H. stephanus was the most numerous lance nematode characterized on bentgrass putting greens in the Midwest. Ma et al. (19) described an under-representation of H. stephanus in the literature, indicating reports of H. galeatus as the most often reported species responsible for damage on golf putting greens may be inaccurate. The over-representation of H. galeatus may be due to an overlap of host plants and geographic distribution and the difficulty of using morphological traits for speciation. Holguin et al. (16) noted that while their host plant specificity may overlap, geographic distribution may be the driving force for species presence. Specifically, while H. stephanus and H. galeatus were both found to be parasites of Agrostis spp., H. stephanus was the only lance nematode found on bentgrass greens in Ohio and Kansas, and H. galeatus was the only lance nematode found in South Carolina and Florida in their study. In South Carolina and Florida, H. galeatus was found parasitizing warm-season turfgrass species and cool-season Agrostis spp. Recently, H. stephanus was discovered parasitizing creeping bentgrass in Georgia using similar molecular and morphological identification diagnostic techniques to what was used in this study (17). Further characterization of lance nematodes collected from golf courses across the United States is needed to assess whether lance nematode species distributions are determined by geography or by host range.

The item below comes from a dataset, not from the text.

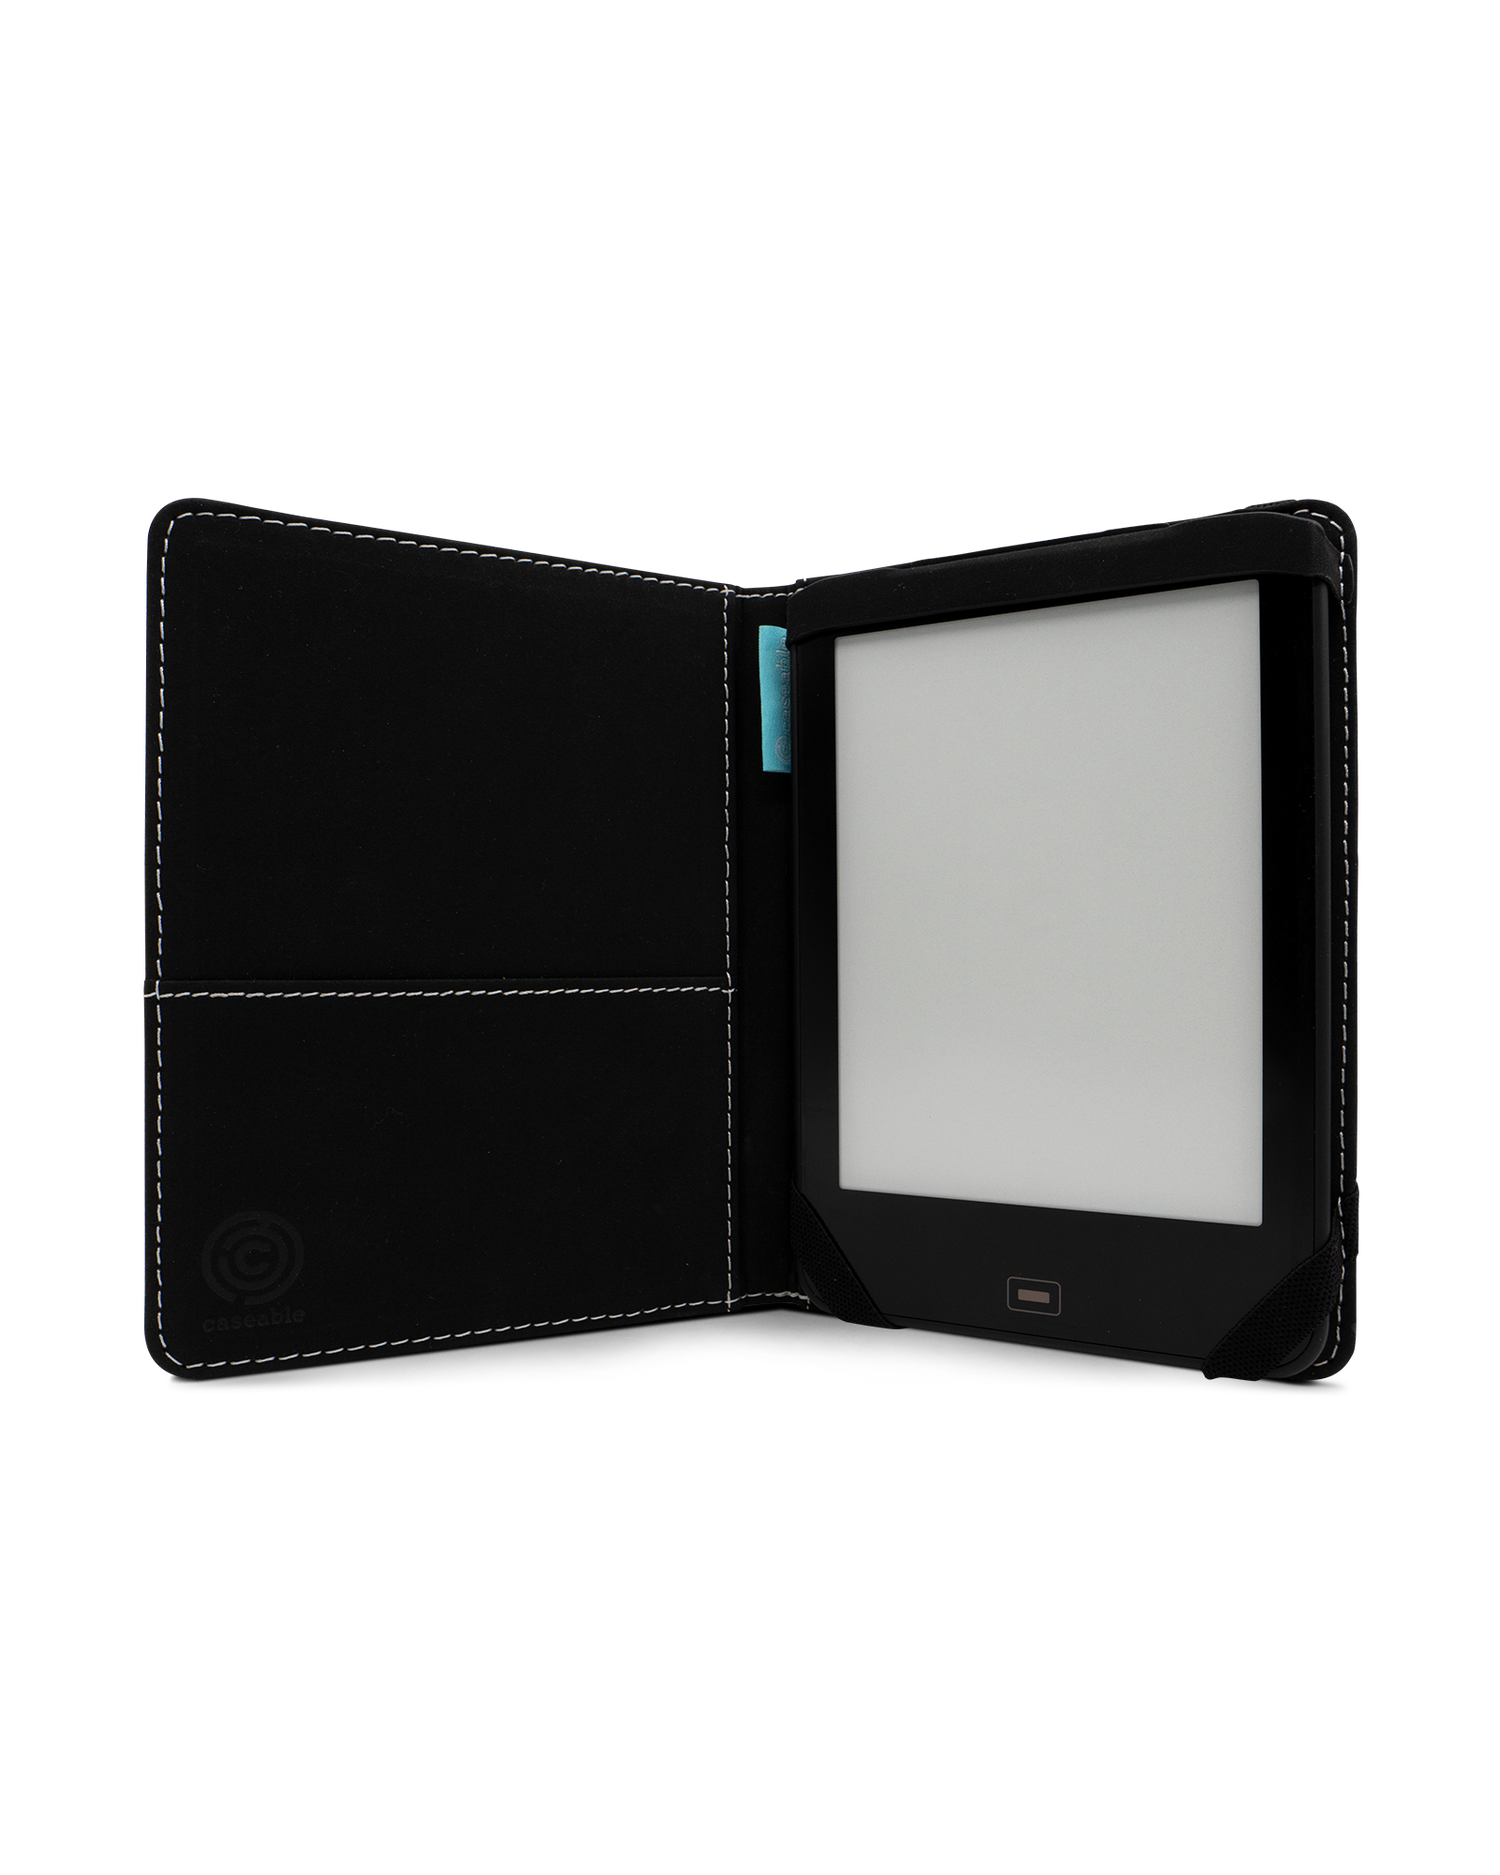 Deep Turquoise Sparkle eReader Case for tolino vision 1 to 4 HD: Opened interior view

This study reiterates literature on Hoplolaimus stephanus, regarding it as an under-represented, yet seemingly widely distributed, lance nematode species within the United States (16,19,27,32). The presence of multiple lance and root-knot species, some obtained from the same putting green, indicates a potential overlap in both geographic distribution and host preference. The broad geographic distribution could be due to several factors described by McClure et al. (21) such as topdressing with nematode contaminated sand from other regions, or golf shoes and/or clubs introducing juveniles or eggs when playing golf. Additionally, putting green proximity to agricultural systems and/or native plant species where particular plant-parasitic nematode species may be abundant and exhibit a wide host range could further expose the putting green to the introduction of detrimental, native nematodes over time.